Monday, October 8, 2012

Penguins!



Penguins (order Sphenisciformes, family Spheniscidae) are a group of aquatic, flightless birds living almost exclusively in the southern hemisphere, especially in Antarctica. Highly adapted for life in the water, penguins have countershaded dark and white plumage, and their wings have evolved into flippers.


Most penguins feed on krill, fish, squid, and other forms of sealife caught while swimming underwater. They spend about half of their lives on land and half in the oceans. Although all penguin species are native to the southern hemisphere, they are not found only in cold climates, such as Antarctica. In fact, only a few species of penguin live so far south. Several species are found in the temperate zone, and one species, the Galápagos Penguin, lives near the equator.

Emperor Penguins

The largest living species is the Emperor Penguin (Aptenodytes forsteri): on average adults are about 1.1 m (3 ft 7 in) tall and weigh 35 kg (75 lb) or more. The smallest penguin species is the Little Blue Penguin (Eudyptula minor), also known as the Fairy Penguin, which stands around 40 cm tall (16 in) and weighs 1 kg (2.2 lb).

Fairy Penguins
 Among extant penguins, larger penguins inhabit colder regions, while smaller penguins are generally found in temperate or even tropical climates (see also Bergmann's Rule). Some prehistoric species attained enormous sizes, becoming as tall or as heavy as an adult human.

Rockhopper Penguins

These were not restricted to Antarctic regions; on the contrary, subantarctic regions harbored high diversity, and at least one giant penguin occurred in a region not quite 2,000 km south of the equator, in a climate decidedly warmer than today.

Kairuku Penguin
Dan Ksepka examines a specimen of Kairuku in a display case at the University of Otago's Geology Museum.  Photo by R. Ewan Fordyce.

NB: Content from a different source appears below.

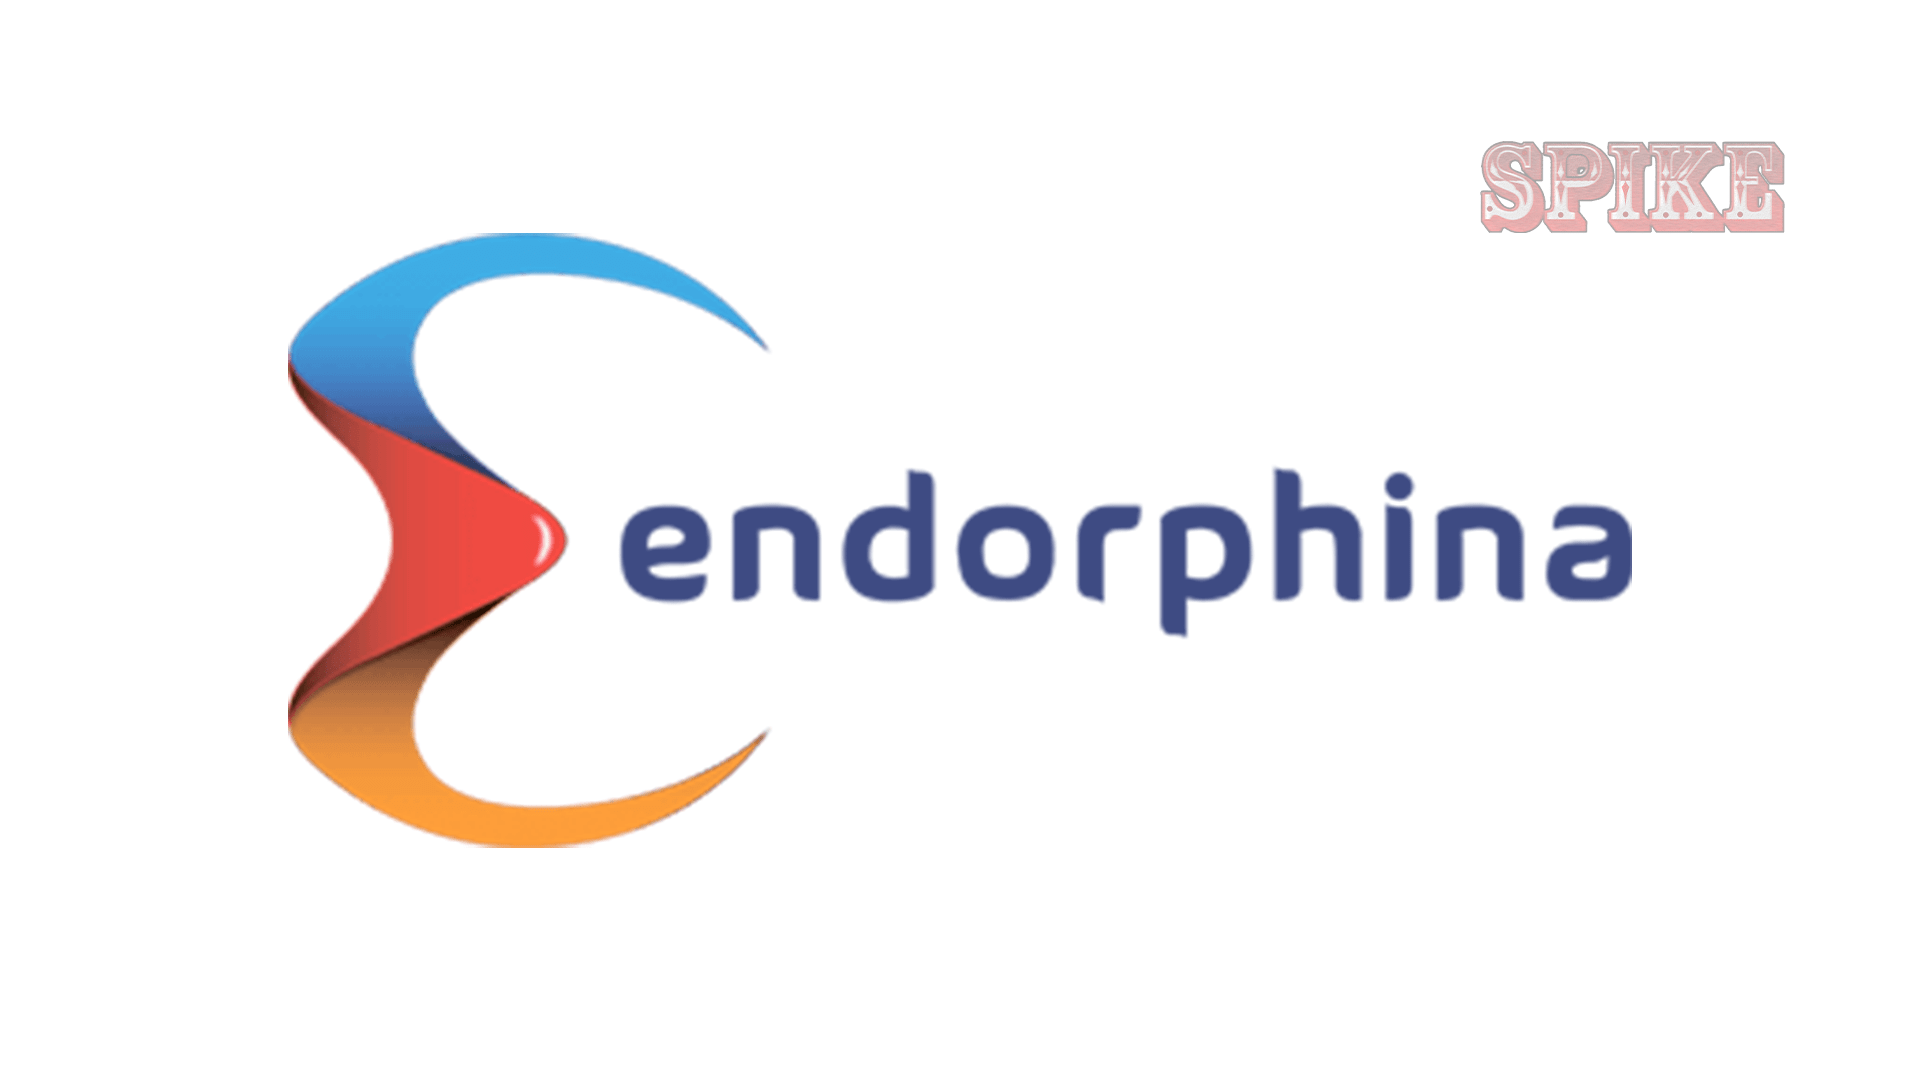 endorphina producer free demo slot online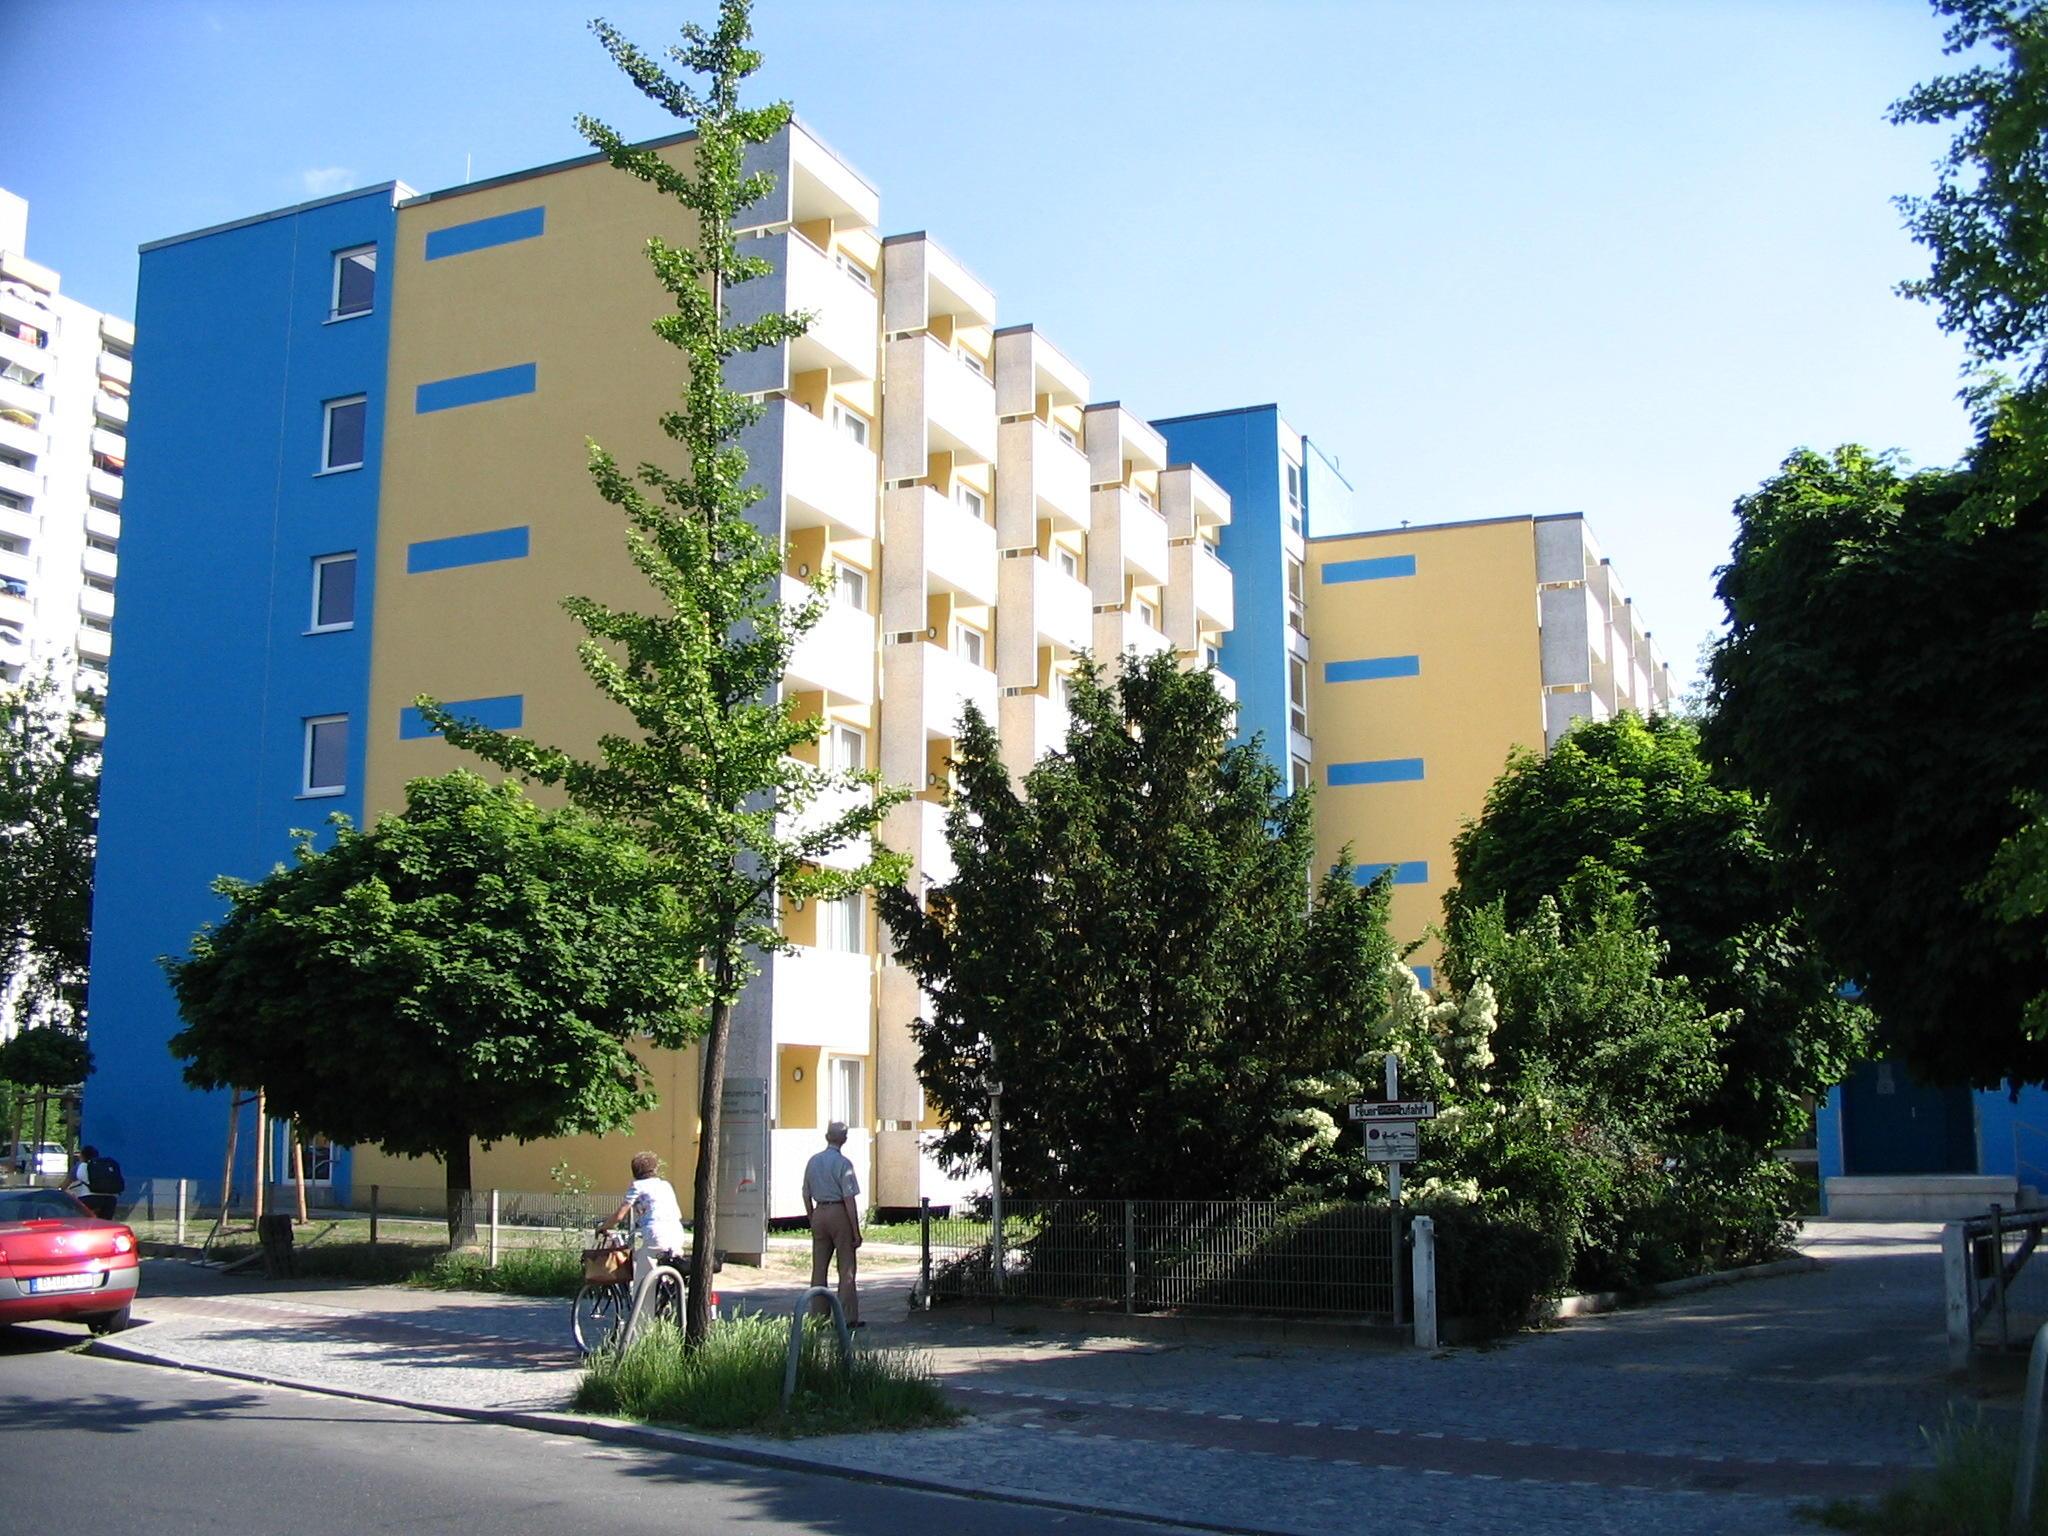 Senioren-Residenz Hildburghauser Straße

“It’s almost like someone took an emperor penguin and stretched it out,” says Daniel Ksepka, an avian paleontologist at North Carolina State University who helped to reassemble the fossils. The new species (from the genus Kairuku) is sleeker and more slender than other penguins.


It has lengthy flippers for its size and a long and narrow beak. And at four feet two inches tall, the svelte Kairuku was nearly 12 inches taller than the tallest living penguin today, the emperor penguin.